## Aim of the task
Leaving out pictures, output exactly the lines below from the one that has "Custom courier packaging Korattur to Pelling" through the one that has "NV - Languedoc-Roussillon", and nothing else.

## Records provided
■ ■ ■ ■ ■ ■ ■

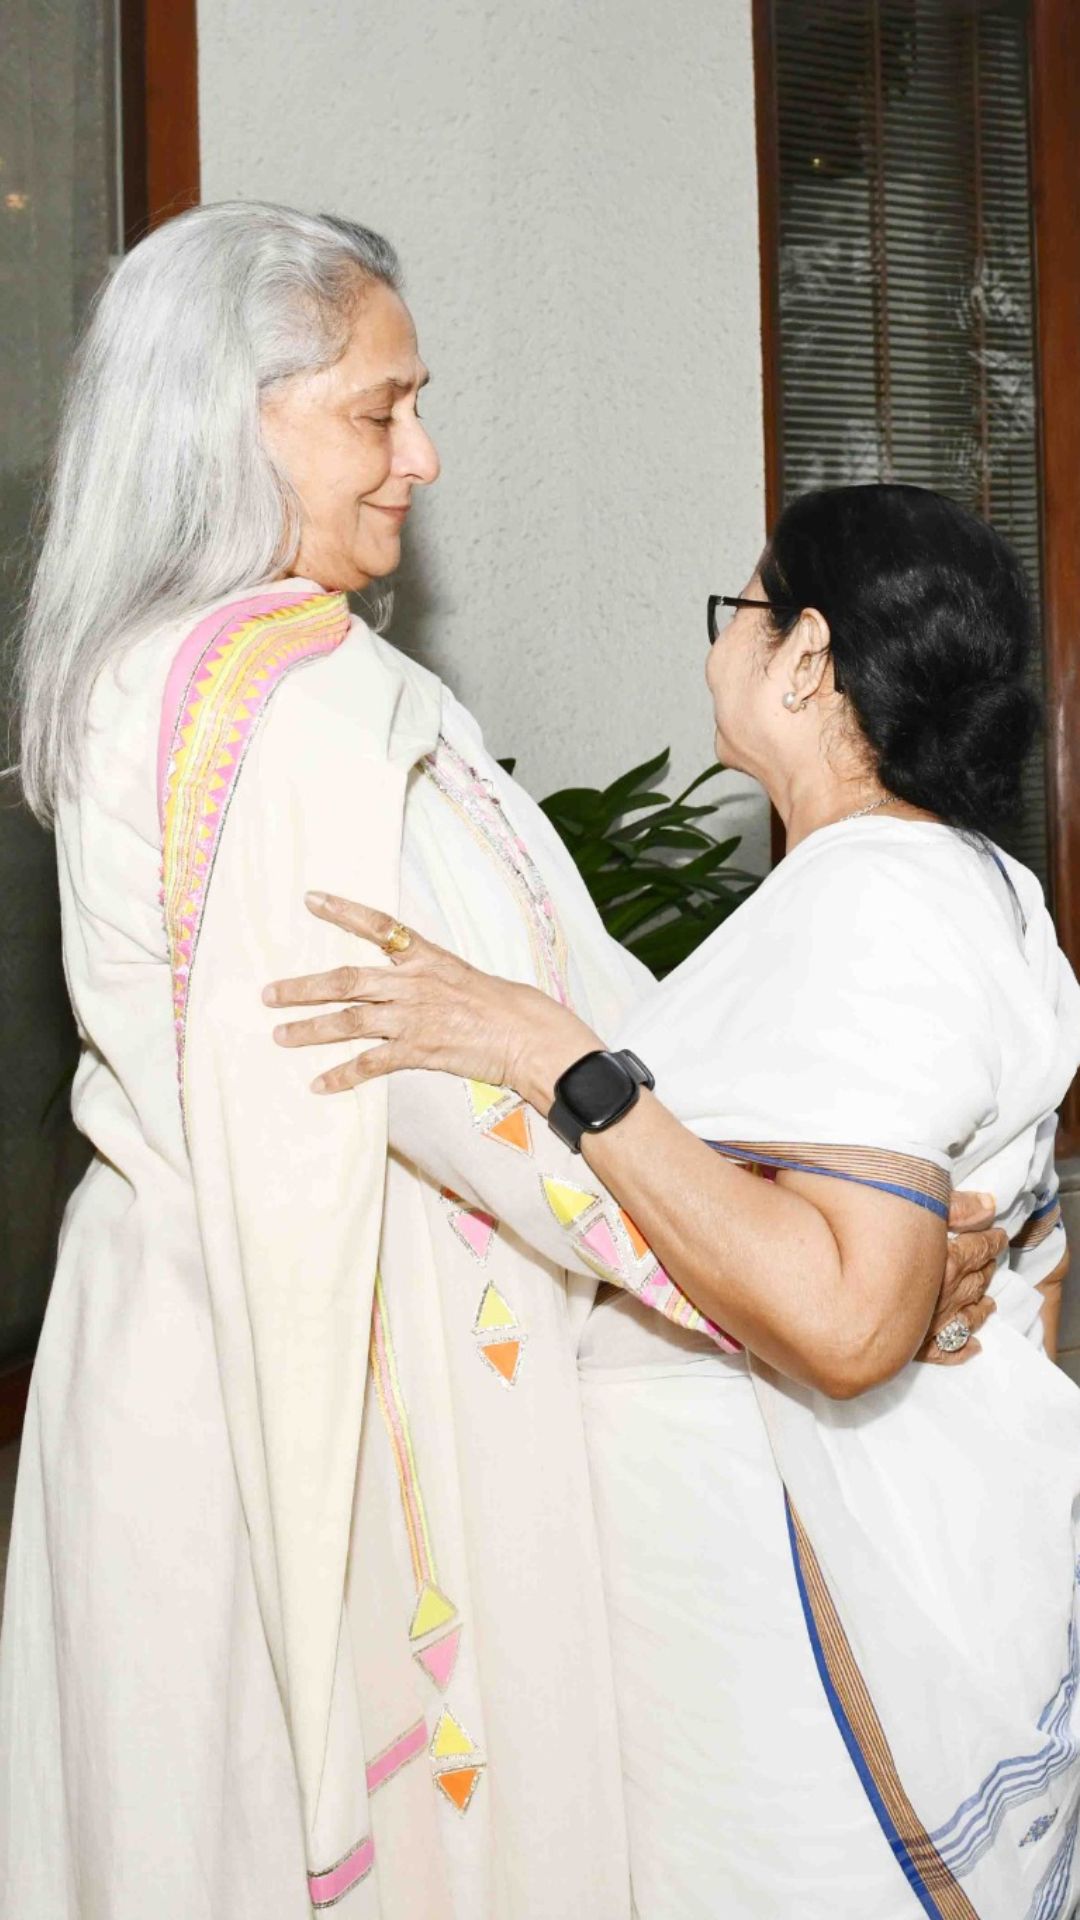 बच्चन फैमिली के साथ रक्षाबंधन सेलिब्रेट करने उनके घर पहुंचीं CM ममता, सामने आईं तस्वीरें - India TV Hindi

■ ■ ■ ■ ■ ■ ■

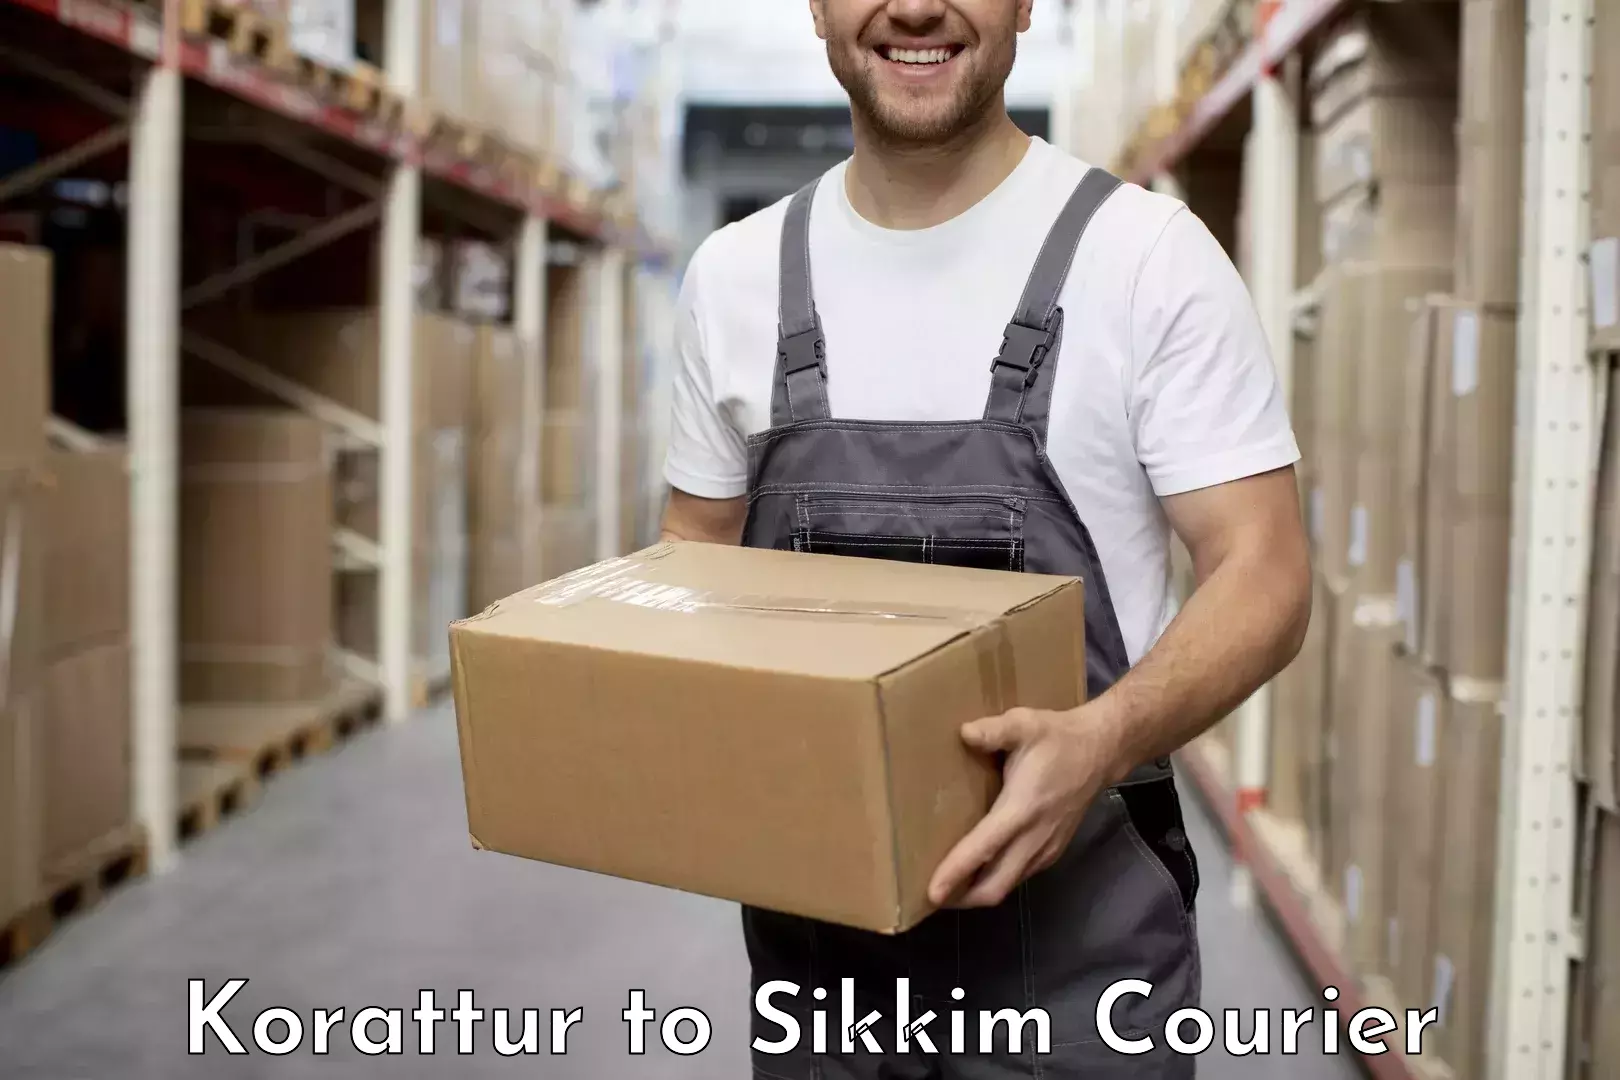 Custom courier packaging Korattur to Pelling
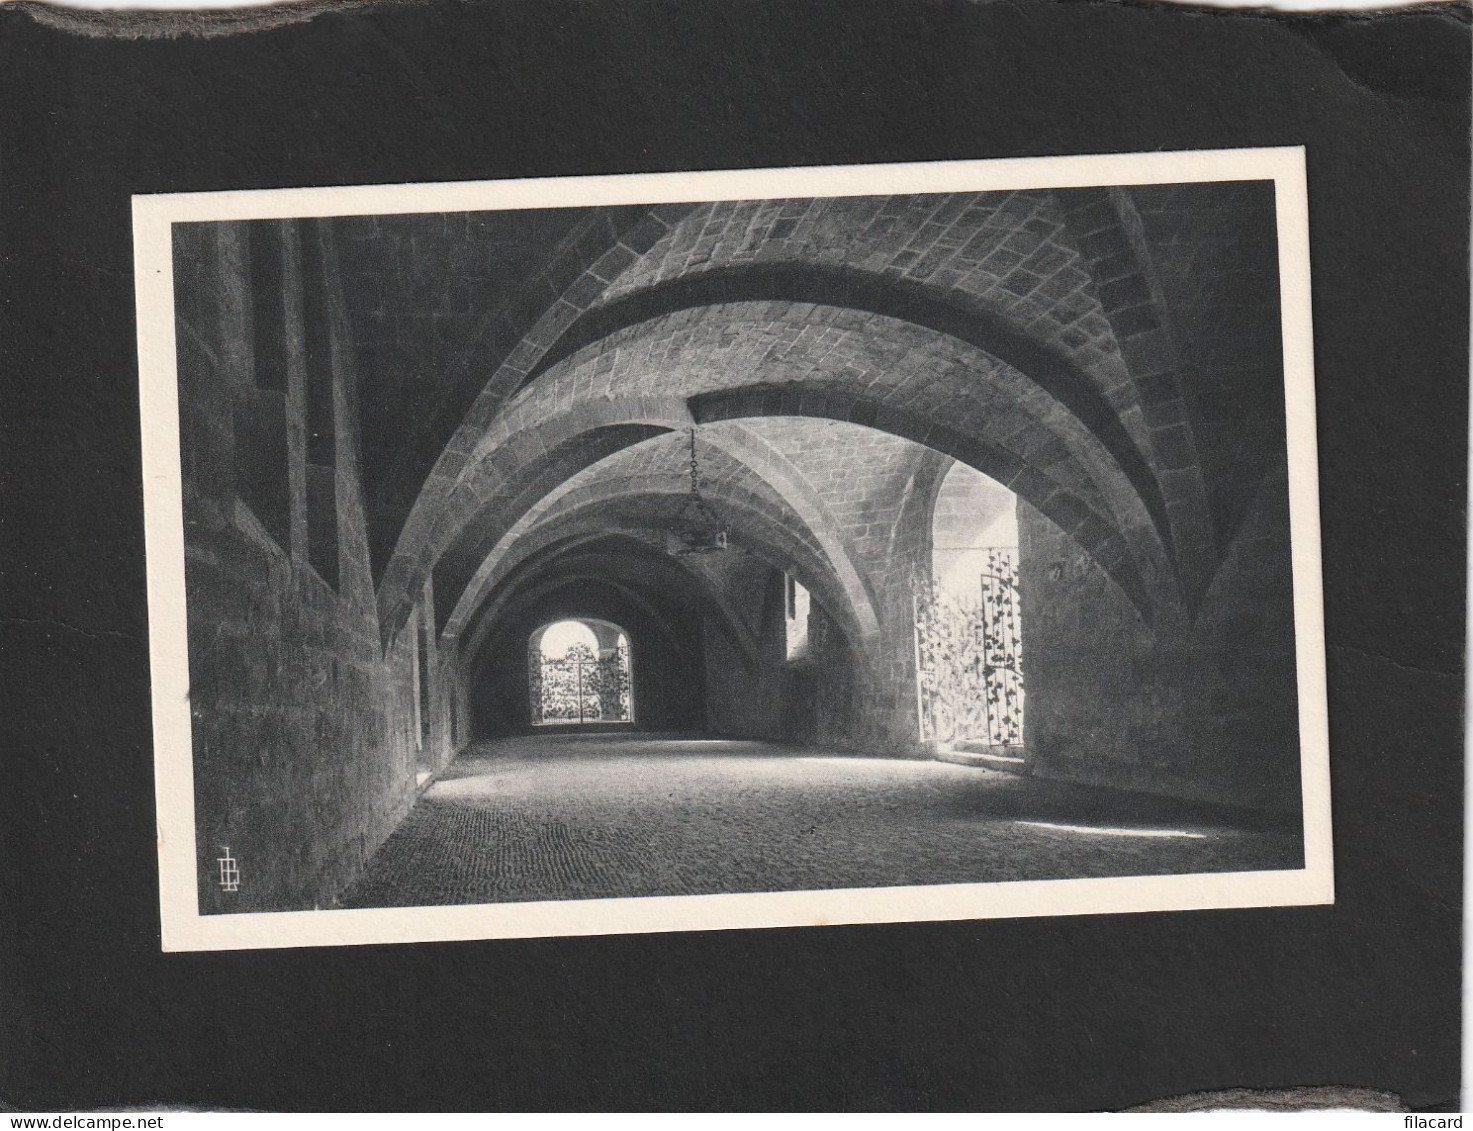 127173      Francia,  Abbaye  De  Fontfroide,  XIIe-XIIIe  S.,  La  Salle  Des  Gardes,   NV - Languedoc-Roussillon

■ ■ ■ ■ ■ ■ ■

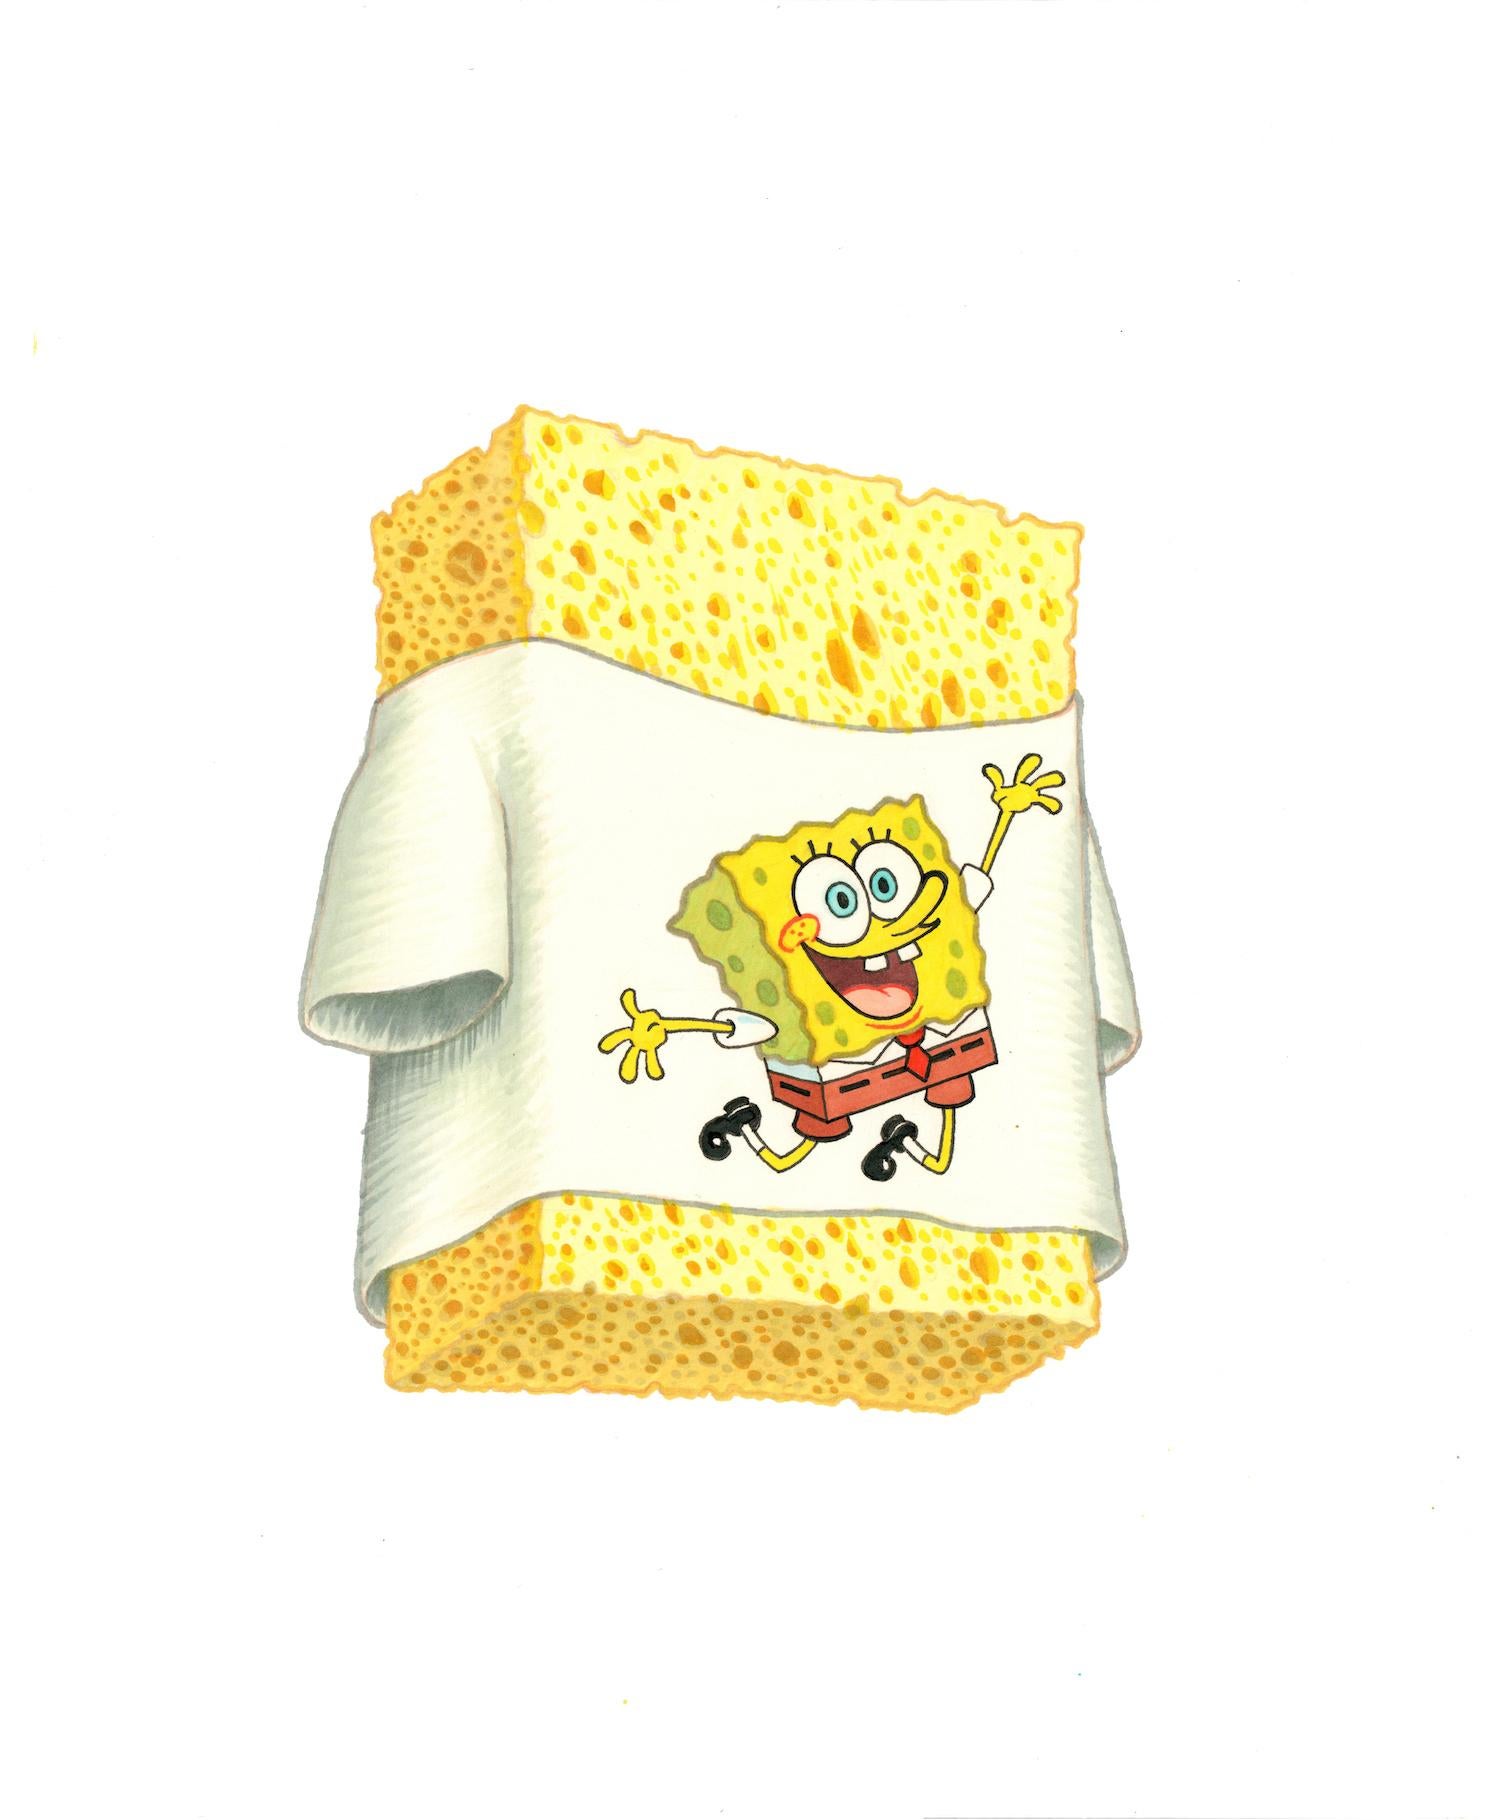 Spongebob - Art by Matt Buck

■ ■ ■ ■ ■ ■ ■

## Solution for this problem
 Custom courier packaging Korattur to Pelling
 127173      Francia,  Abbaye  De  Fontfroide,  XIIe-XIIIe  S.,  La  Salle  Des  Gardes,   NV - Languedoc-Roussillon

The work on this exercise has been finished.